We own a part pit bull. But he’s not like any other doggie, he’s simply Chester. He’s treat motivated, hates bunnies, loves digging squeekers out of toys, likes other dogs, chases cats, and sometimes goes into wild dog mode where he runs through the house at top speed. He’s one of a kind just like you and I are. It’s been a year since we adopted him and it took every bit of that year to get to know him. There are people who we can get to know too, if we take time and have an open mind.

The pictures are Chester at the reunion…he’s tired but happy!  😊


Tattoos and memories…

This has been an interesting weekend. Last Wednesday night I got the tattoo I was thinking about. Then Sunday was the Nightingale (my mom’s family) reunion. I stocked up on Advil. FOR THE TATTOO …come on now😊 So how it all began..

When I see dead animals on the side of the road, I become incredibly sad. It’s overwhelming in a way. The problem is, I drive 35 minutes to work, and there are a few guarantees in Cleveland: orange cones/construction, a slow down around MLK Boulevard and Dead Man’s Curve, and dead animals at the side of the road. Like with sad movies (I will NOT be seeing the Art of Racing in the Rain, although the book was excellent) I have to limit what I take in, so I try not to look. One day I was driving and noticed a dead bird. I started to feel bad when it hit me…the bird didn’t know it was going to die. Birds live their lives completely in the moment. That bird was flying along probably at full speed, then boom, gone. There’s no worry or anxious thought about the future. There’s no regret of a lost past. In the moment. That bird made every moment count because the moment is all it had. I knew then I wanted birds in my tattoo to remind me to live the moment. Don’t worry about tomorrow, live today.

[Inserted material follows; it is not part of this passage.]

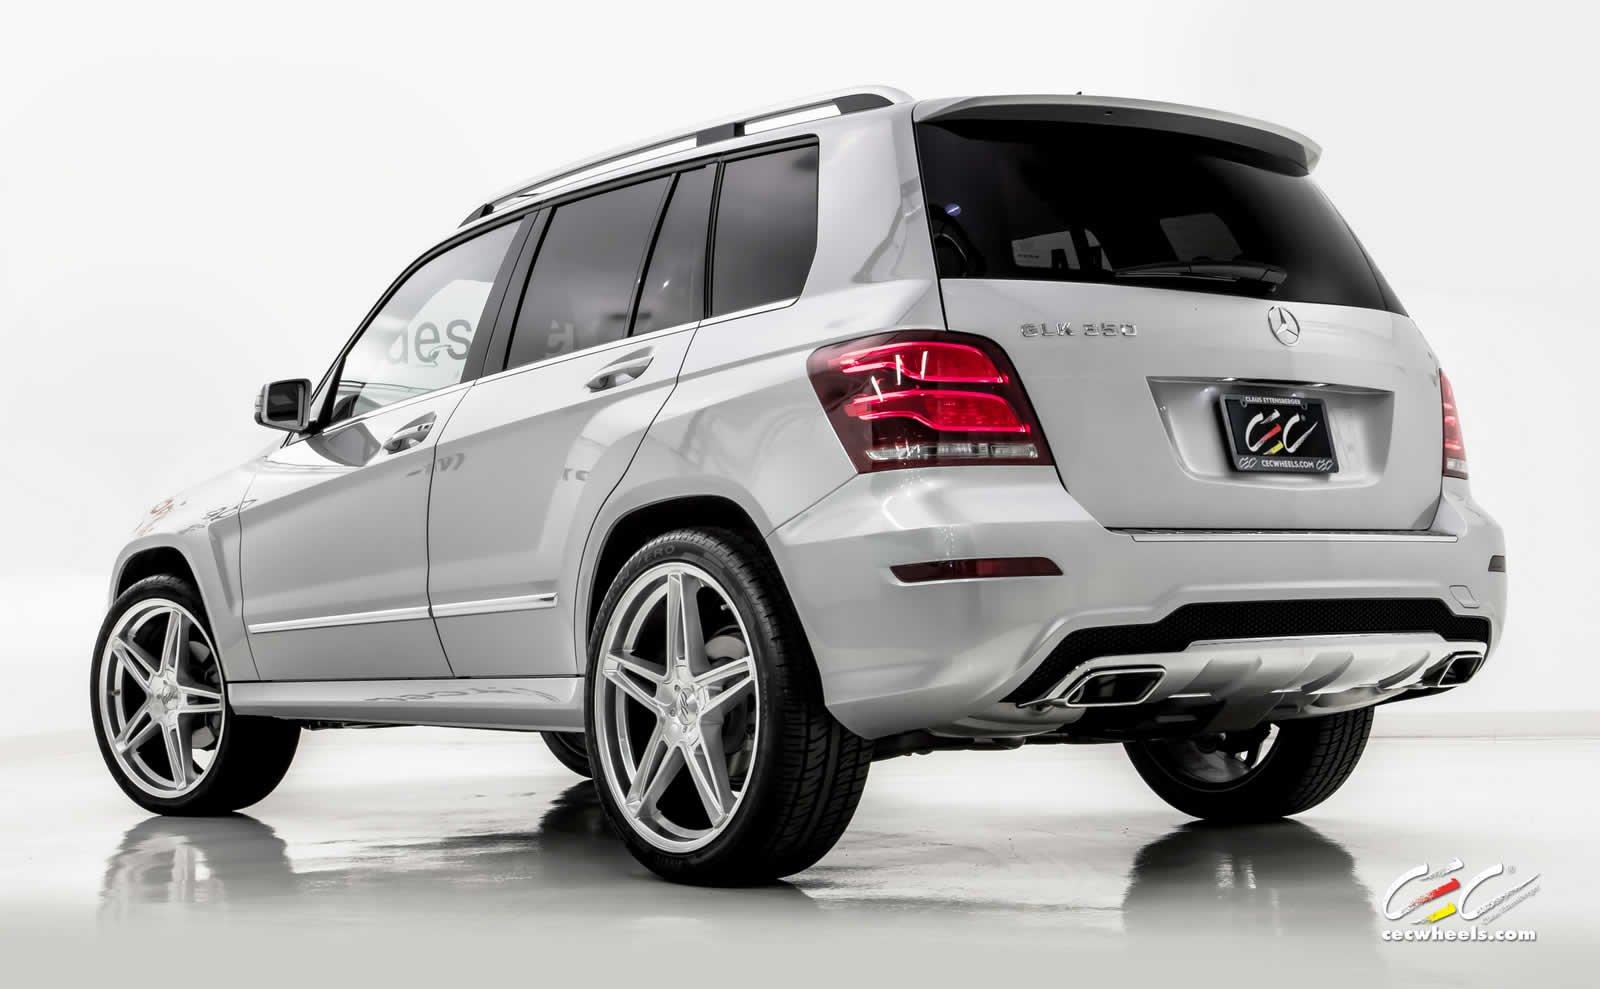 2015 cec wheels tuning cars mercedes benz glk 350. Black Bedroom Furniture Sets. Home Design Ideas

The second part of the tattoo is the four seasons. Living in Ohio, we have the most amazing change of seasons. We can go from 92 degrees in summer, to 10 in six months. And in between, we revel in the beauty of spring and fall. I could draw a parallel to our lives, moving in and out of seasons. I want to be like my birds, flying through and over the seasons, experiencing each one. I want to remember the seasons too, because they always change. John F. Kennedy said that there is no present, only the past rushing into the future. To hold on is to be left behind. I agree, but would add that there is only the present, because the rest is past rushing into the future. Live in the moment.

At the Nightingale family reunion, a lot of memories were shared. It was fun to learn about our history. It was also fun to see those we grew up with, and to realize how much they really do mean in our lives.

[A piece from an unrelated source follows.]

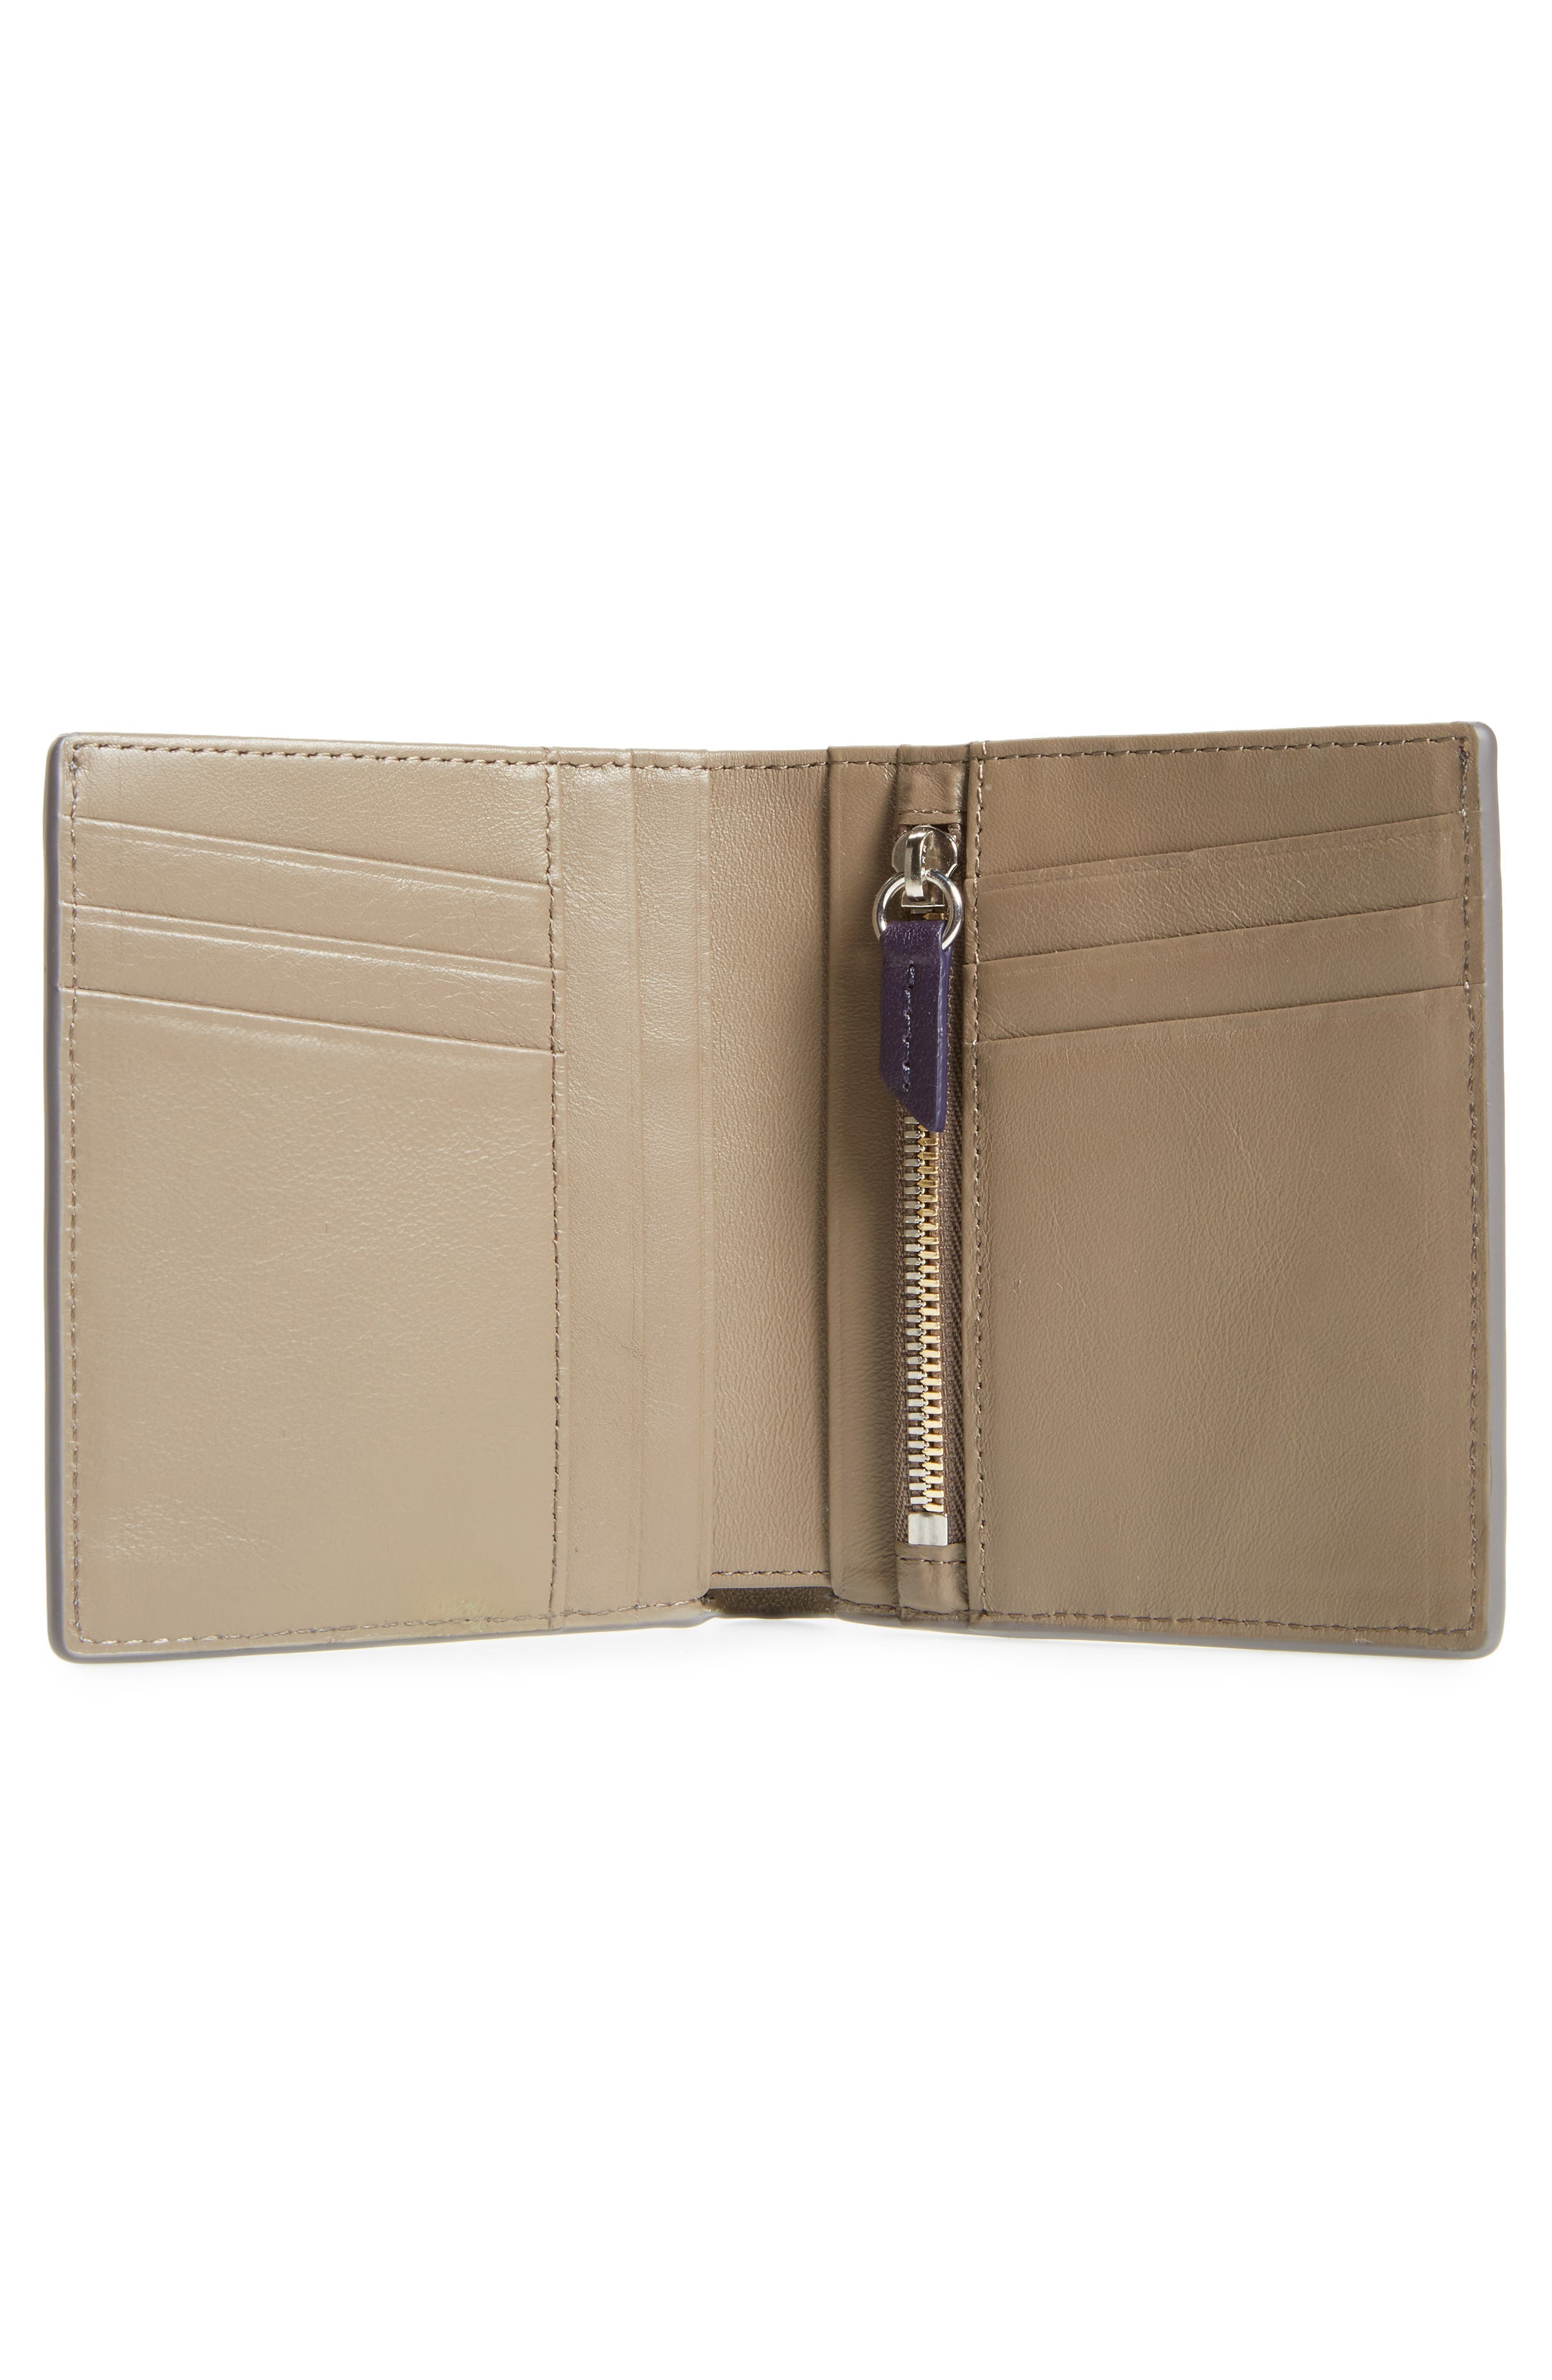 Bradley Bifold Leather Wallet,                             Alternate thumbnail 2, color,                             032

I always looked up to my cousin, Wes. He was older, and I remember being about 12 years old, at a wedding, and sitting watching the older people dance. I was too shy, and back then, people weren’t as free to just dance alone (I’m so glad that changed!) Wes asked me to dance, and I felt included. I appreciate that gesture, it shows how much little things matter.

His family visited my mom when she was dying. I didn’t know she was dying, or I probably would have been a nicer daughter. I wasn’t awful, just a teenager. But she was really happy when they visited. She glowed. Aunt Florence, her sister, and Wes’ wife at the time visited her hospital room when I was there and gave her two cookbooks. She cherished them, planning the gourmet dishes she would cook when she got better.  I still have them.

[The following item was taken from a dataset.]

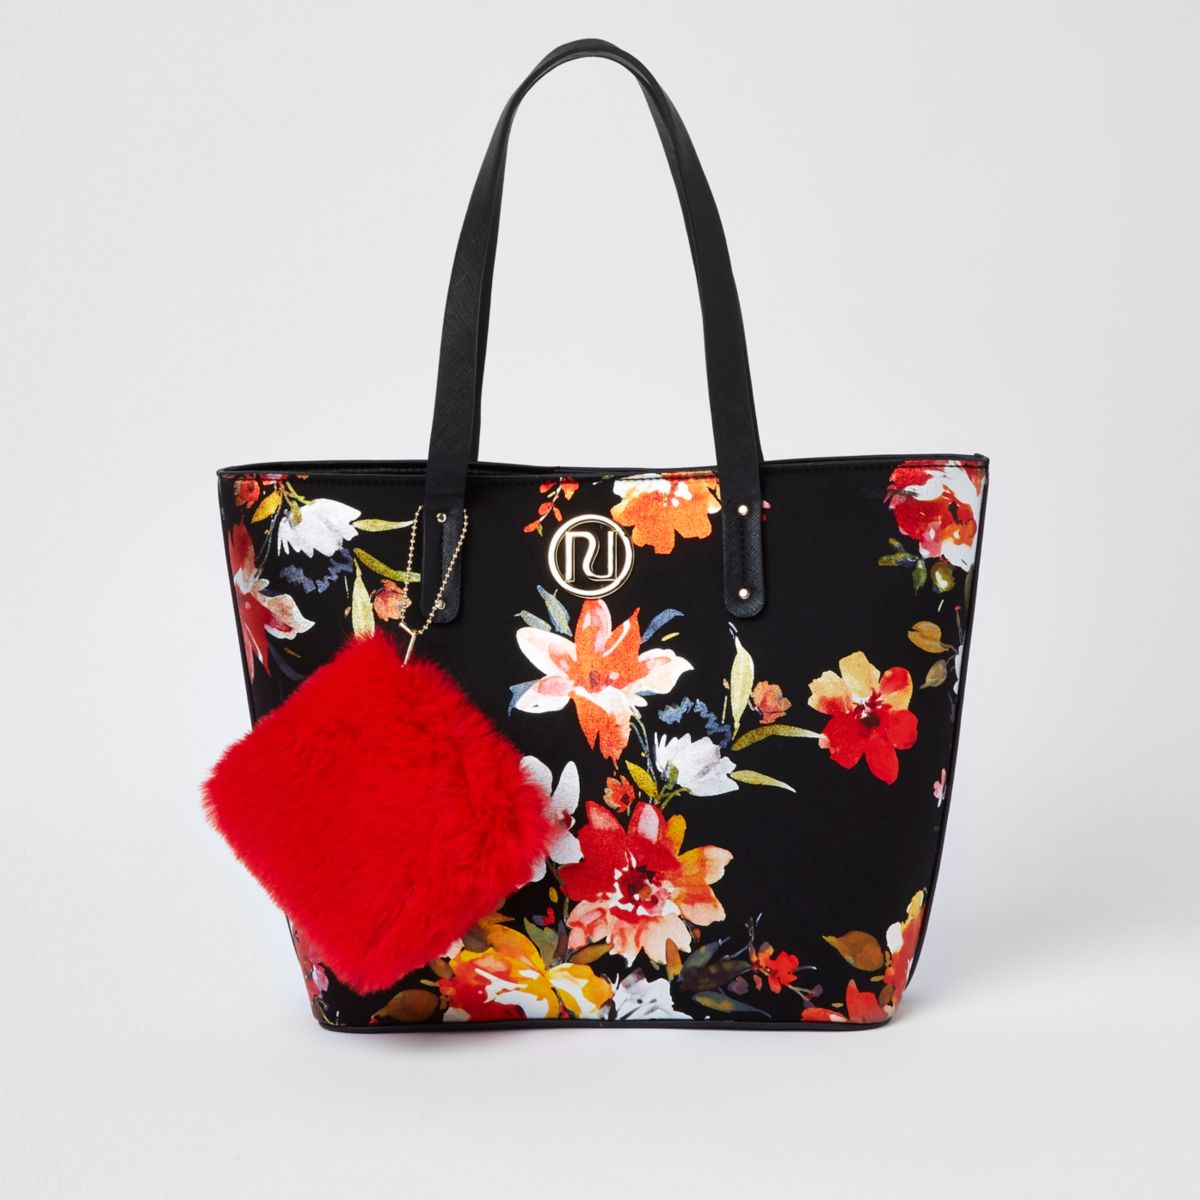 Girls black RI floral print shopper

Much later, cousin Wes wrote a book. He was a pediatrician, so there was doctor humor in it…get it? Humor? Don’t worry, he will get it. Some verses I laughed at, some elicited groans. Then he wrote another. And another. One was purchased for a television show. That was a novel about his dad, who I remember as a quiet, kind man. It is quite good, and is interesting on its own, even if you didn’t know my uncle.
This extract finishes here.